30 replies to this topic

[manthony121]

In some power generation systems what you describe is more true. It is NOT true for an automotive alternator. Instead of generating a constant amount of power and "throwing away" the excess, its never generated in the first place. The stator is an electromagnet. The current through the stator controls the strength of that magnet. So, if you reduce the current through the electromagnet, you decrease the strength of the magnetic field, which in-turn reduces the amount of electro-motive-force induced into the alternator coils, and thus the required torque on the alternator pulley.

Now you've got me confused again.  For a "simple" generator: let's say a bundle of wires wrapped around a stick, being turned inside a fixed magnetic field, does the current drawn from the output effect how much torque it takes to turn the rotor?  IOW, is the stick harder to spin if the generated electricity is being used across some load?

 

I realize that the alternator in a car does not use a fixed magnet, but an electromagnet, the strength of which depends on how much power is needed to charge the battery and other such electrical housekeeping.  In that setting, it makes sense that turning up the power of the electromagnet will make the rotor harder to turn, and will generate more power.

[Bench Racer]

This should transfer the requested info. About the 2 1/2 minute mark is the explanation how more or less is generated.

 

[Tom Hampton]

Now you've got me confused again.  For a "simple" generator: let's say a bundle of wires wrapped around a stick, being turned inside a fixed magnetic field, does the current drawn from the output effect how much torque it takes to turn the rotor?  IOW, is the stick harder to spin if the generated electricity is being used across some load?

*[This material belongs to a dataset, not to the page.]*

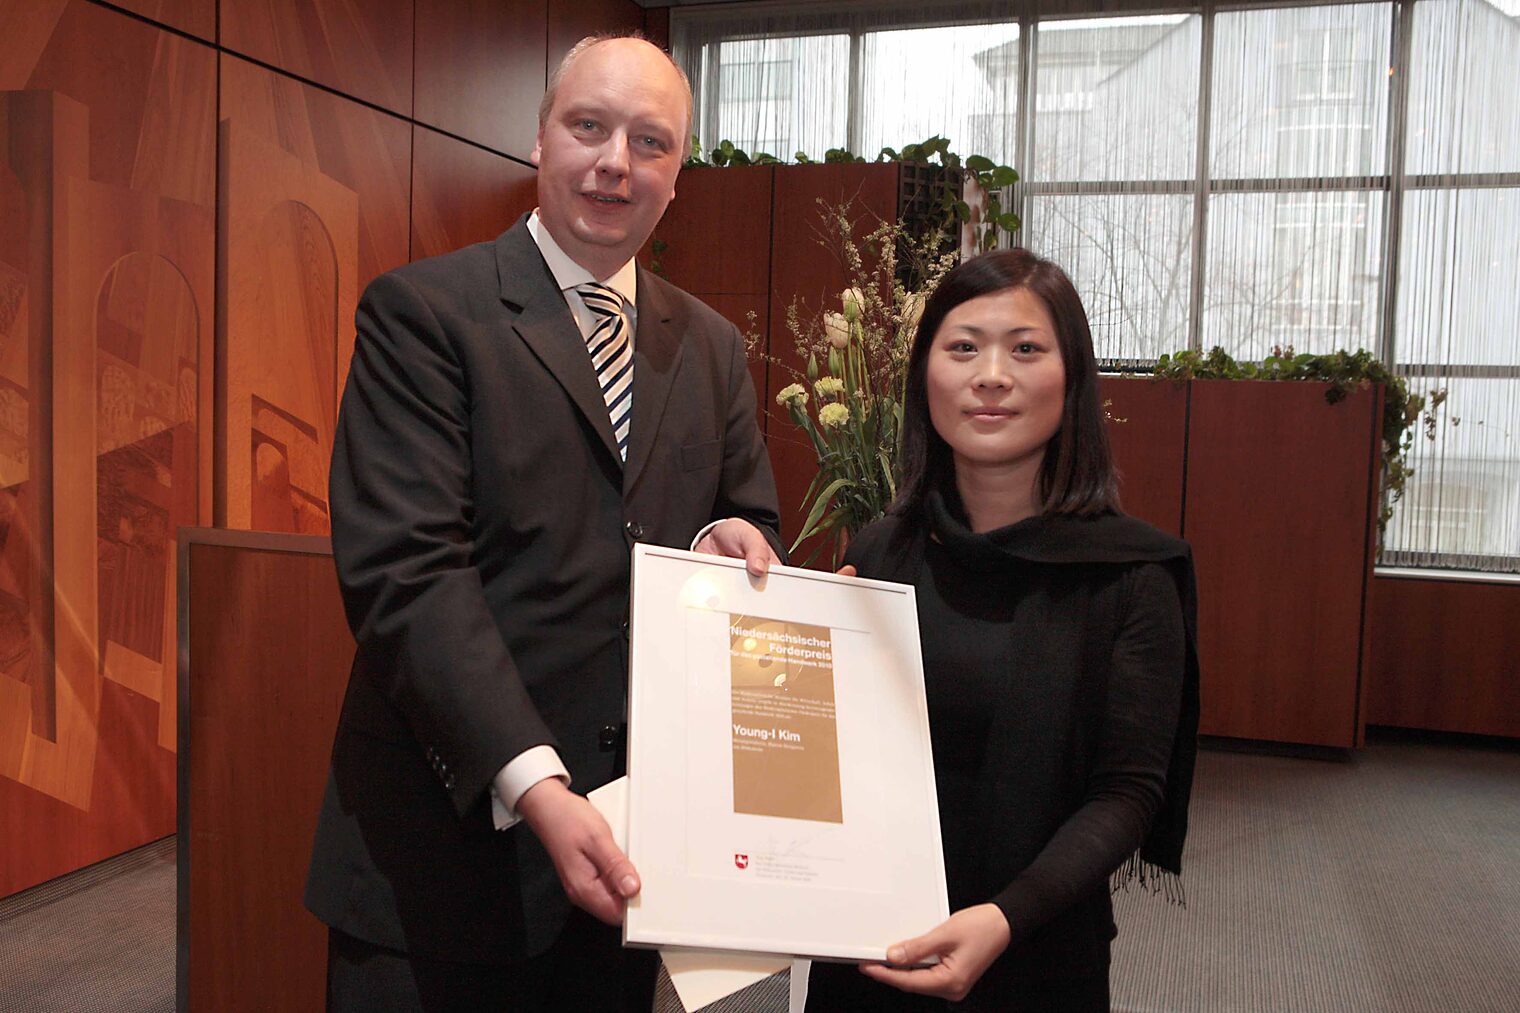 Der zweite Förderpreis für das gestaltende Handwerk 2010 ging an die gebürtige Koreanerin Young-I Kim, die 2009 an der HAWK Hildesheim ihr Studium zur Diplom-Designerin absolvierte.

Sorry for confusing you. But, as you may imagine the more we deviate from talking about a specific case (miata alternators), to a more general discussion the more variations there are. Its hard to put several textbooks' worth of information into a couple forum posts. But, to answer your question directly: yes. More specifically, the more electrical POWER (Current * voltage) that is drawn from the alternator the more mechanical POWER (RPM * Torque) is required to turn it.

 

This fact is a basic fact of physics.  Its the first law of thermodynamics.  it is independent of any method of power generation. 

 

Simply putting a load across the output terminals of a field-coil-alternator or a permanent magnet generator will both make the rotor harder to turn---as a direct result of the above law. 

 

Since electronics are hard to design that operate on wildly varying voltages, the generator output has to be regulated.  This is the tricky part. There are lots  of methods for regulating voltage.  Rather than confuse matters further, I'll just say that voltage regulators can either be more wasteful (where they discard excess voltage---convert it to heat), or they can be less wasteful where they transform the volts.   The more wasteful methods would see a more constant load on the rotor shaft and the excess power would be burned off as heat.  The energy always has to come from somewhere and it always has to go somewhere. 

[Ron Alan]

Good stuff Dave! So i have another question for you EE/ME guru's. It seems our alternators are pretty simple...when we do get failures...what on the charging/voltage output side fails most often? On the mechanical side my guess would be bearings but i'm asking to be educated! 

[Tom Hampton]

Not much rocket science in the answer.  Its the parts that move or carry most of the current.  The ones that do both tend to go first.  That said, alternators tend to either go bad right away or last "forever".  Bad parts, bad manufacturing, etc.  Once these are eliminated through infant failures...they tend to last to their design age. 

 

Mechanical:

1. Rotor Brushes/slip-rings.

2. Bearings.

 

Electrical:

1. Power switching transistor(s)---the primary power carrying component in the regulator.

2. Stator Windings. 

 

Note the NA and NB have different regulator designs.  The NA alternator has the regulator completely contained within the alternator.  Whereas the NB moves the regulator "control" from inside the alternator to the ECU, and only leaves the power-transistor(s) inside the alternator. 

[SaulSpeedwell]

FWIW...I have never seen anywhere near what many are posting on HP loss on a dyno from the alt.    

 

Yeah, we tested and calculated this moons ago?  Maximum alternator output in watts, converted by the pulley ratio of the "belt train", converted to "horsepower" came out to some tiny fraction of a HP?

 

For those that are worried about this, worry about brake drag or the aerodynamics of your exhaust system or your alignment toe in angstroms.  Zero toe is never the lowest drag for a decambered wheel.  Strain gauge the tie rods and figure out how much toe-out is optimal!

[ECOBRAP]

Yeah, we tested and calculated this moons ago?  Maximum alternator output in watts, converted by the pulley ratio of the "belt train", converted to "horsepower" came out to some tiny fraction of a HP?

 

For those that are worried about this, worry about brake drag or the aerodynamics of your exhaust system or your alignment toe in angstroms.  Zero toe is never the lowest drag for a decambered wheel.  Strain gauge the tie rods and figure out how much toe-out is optimal!

 

Yes, alternator tested fine anyways, so the main question is how much hp can a weak battery cause, if any.

 

New battery is in so I will find out this weekend.

[FTodaro]

Not much rocket science in the answer.  Its the parts that move or carry most of the current.  The ones that do both tend to go first.  That said, alternators tend to either go bad right away or last "forever".  Bad parts, bad manufacturing, etc.  Once these are eliminated through infant failures...they tend to last to their design age. 

 

Mechanical:

1. Rotor Brushes/slip-rings.

2. Bearings.

 

Electrical:

1. Power switching transistor(s)---the primary power carrying component in the regulator.

2. Stator Windings. 

 

Note the NA and NB have different regulator designs.  The NA alternator has the regulator completely contained within the alternator.  Whereas the NB moves the regulator "control" from inside the alternator to the ECU, and only leaves the power-transistor(s) inside the alternator. 

I do know what will kill an alternator is a battery that is not adequately anchored. I lost two alternators when the positive terminal grounded out from impact. Now I always run a volt meter and have a modified bracket holding the battery down.

[davew]

try one of these

 

[Jim Drago]

try one of these

 

That looks nice dave. Are you drilling holes in car to hold or are your holes aligned with existing? i dont remeber any and too lazy to go look

[davew]

Uses existing holes in the chassis. We include the bolts/washers and nylock nuts. Latest version is powder coated.